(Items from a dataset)
☆ ☆ ☆ ☆ ☆ ☆ ☆

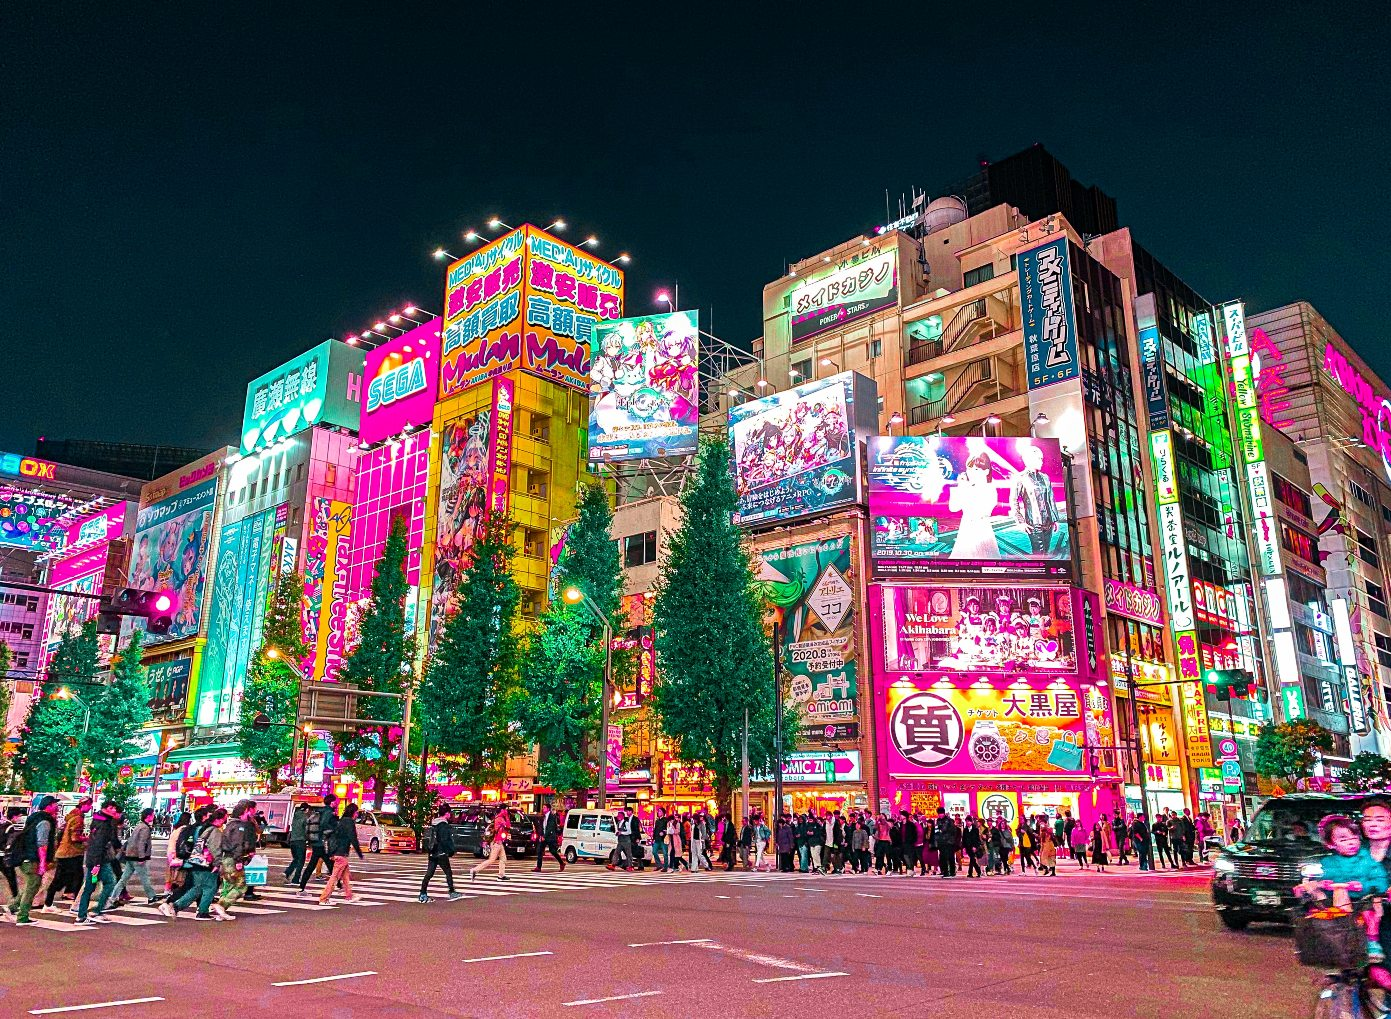 Japan Lifelong Learning
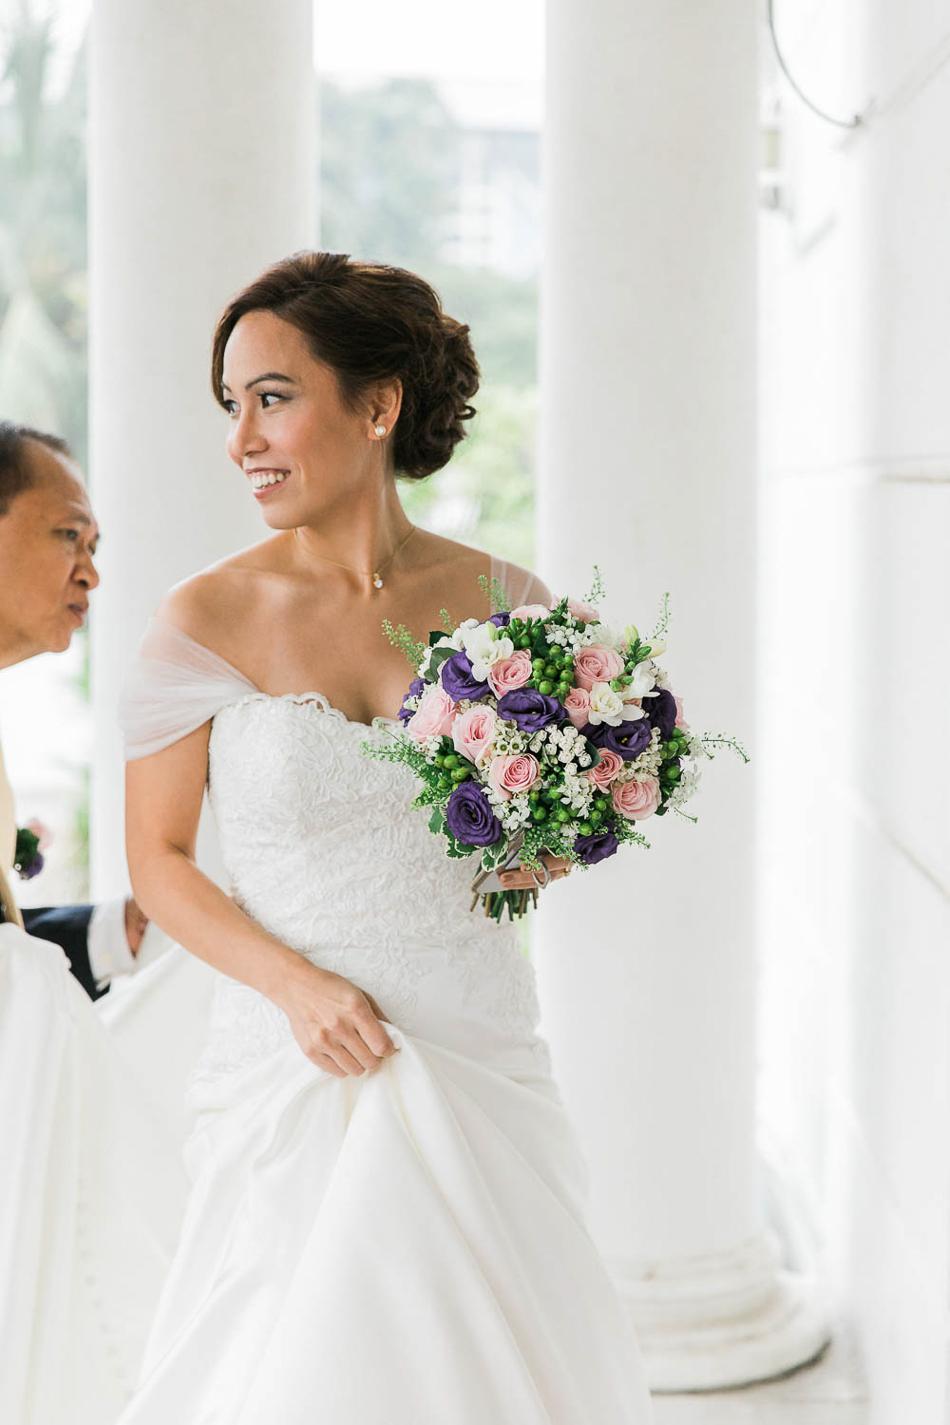 wedding-photographer-singapore-film-photographer-chen-sands-Anglea-wedding-CSPBLOG-6.jpg
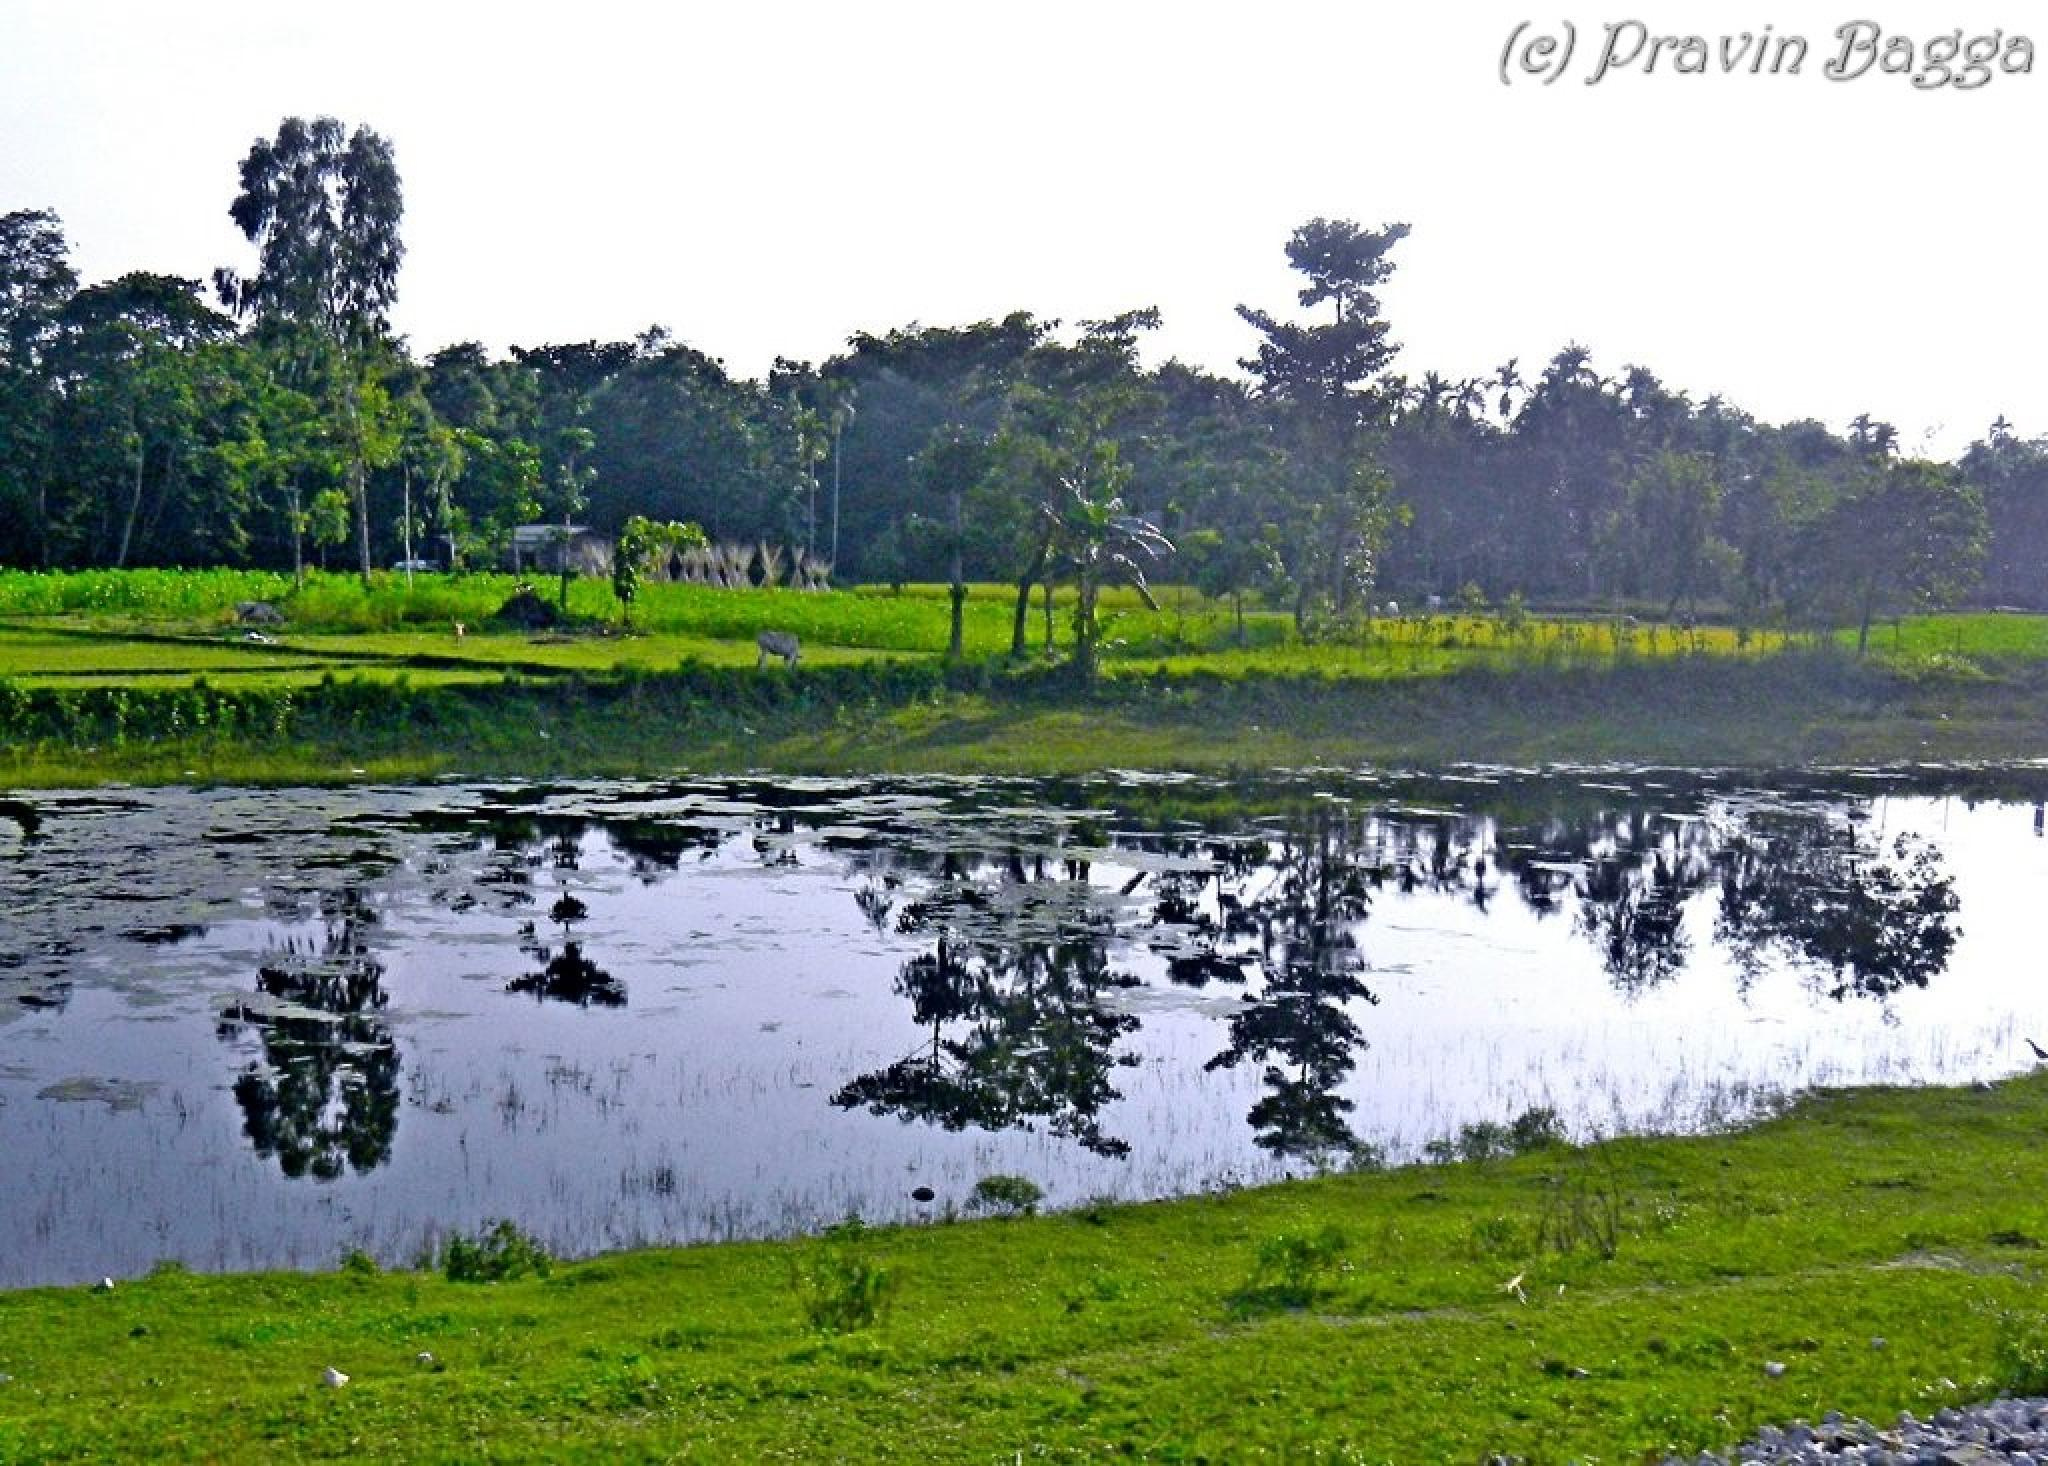 Reflection by Pravin Bagga
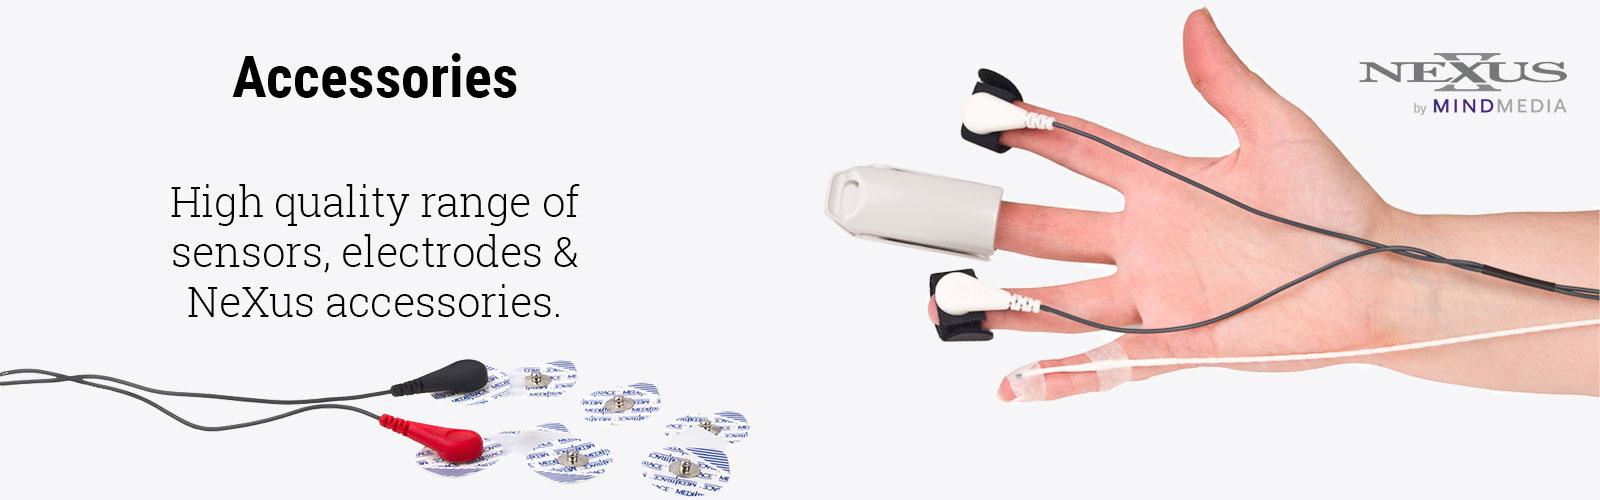 Nexus-accessories-biofeedback-neurofeedback
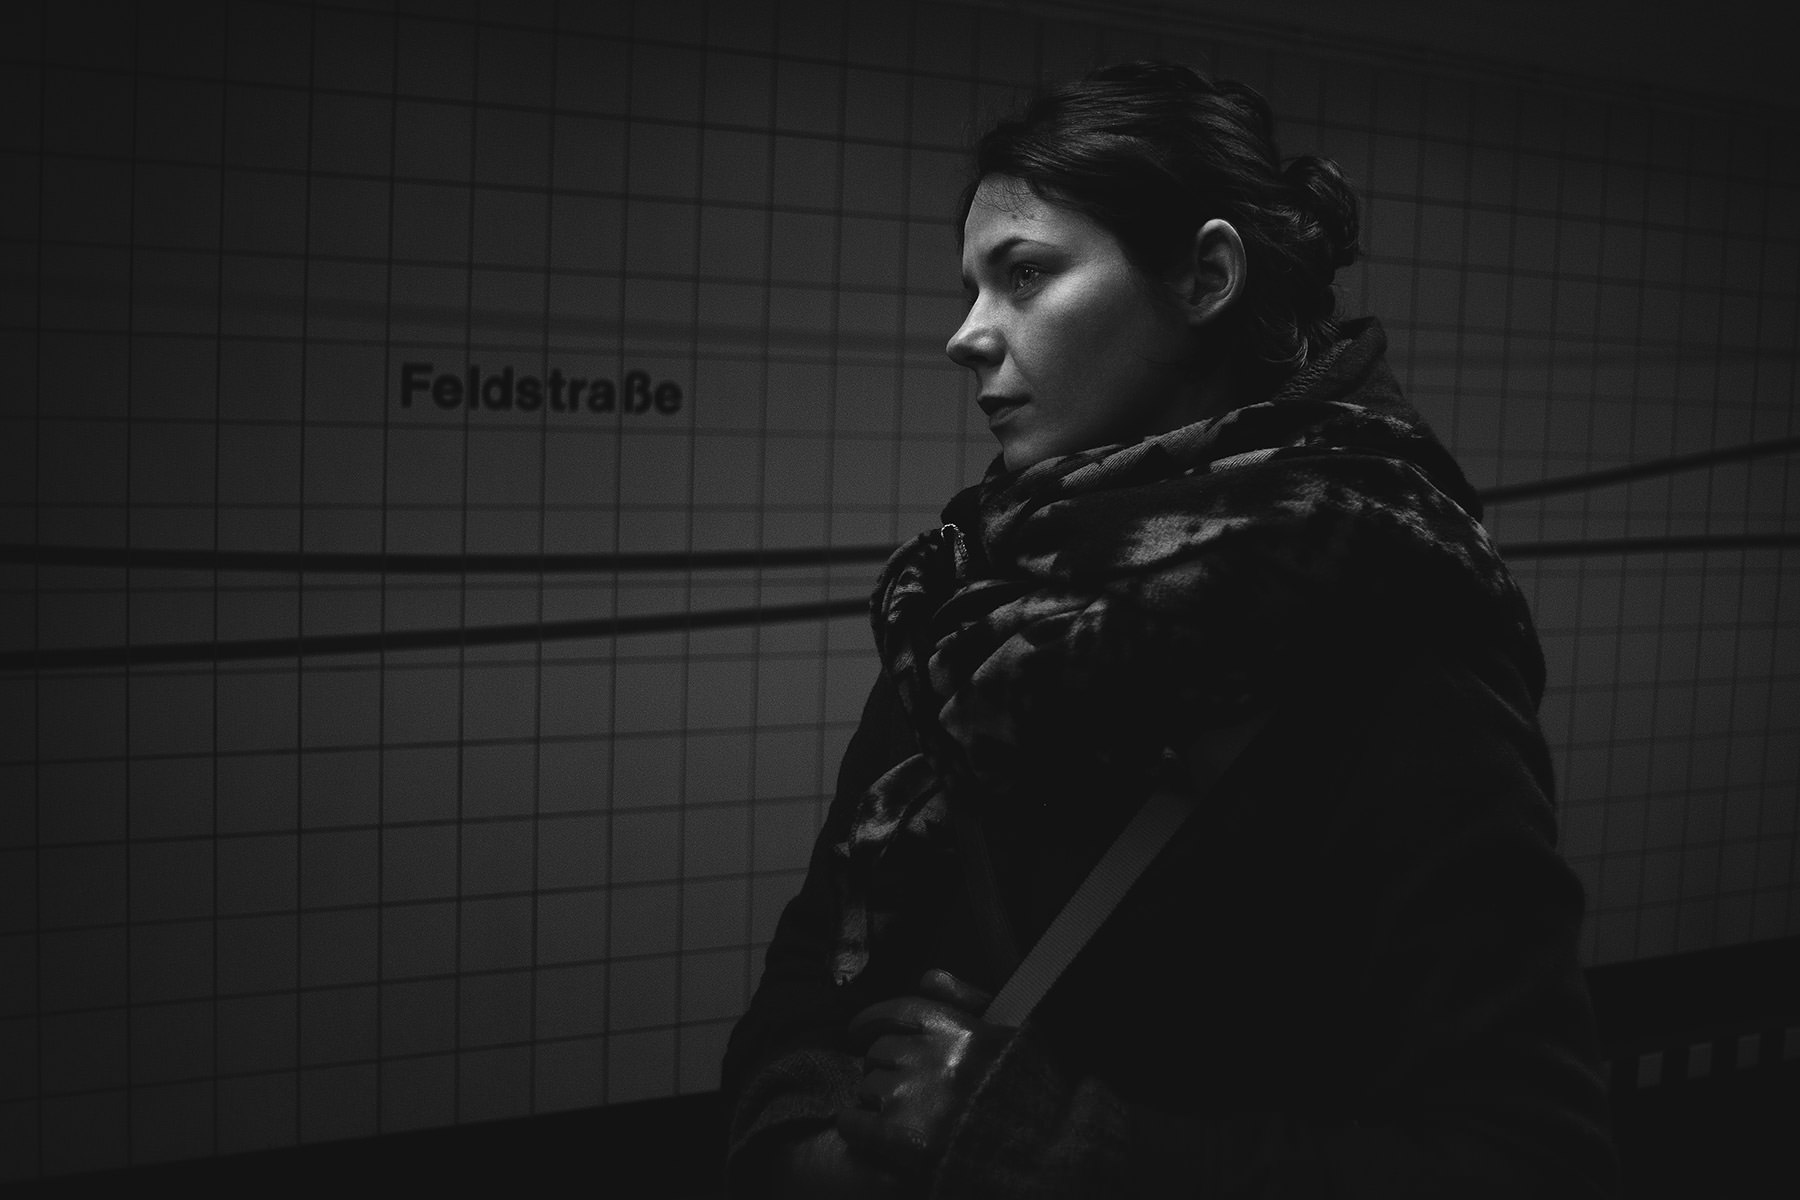 daniel_pelka_alana_portrait01

☆ ☆ ☆ ☆ ☆ ☆ ☆

Print the data above exactly, minus pictures.

 Japan Lifelong Learning
 wedding-photographer-singapore-film-photographer-chen-sands-Anglea-wedding-CSPBLOG-6.jpg
 Reflection by Pravin Bagga
 Nexus-accessories-biofeedback-neurofeedback
 daniel_pelka_alana_portrait01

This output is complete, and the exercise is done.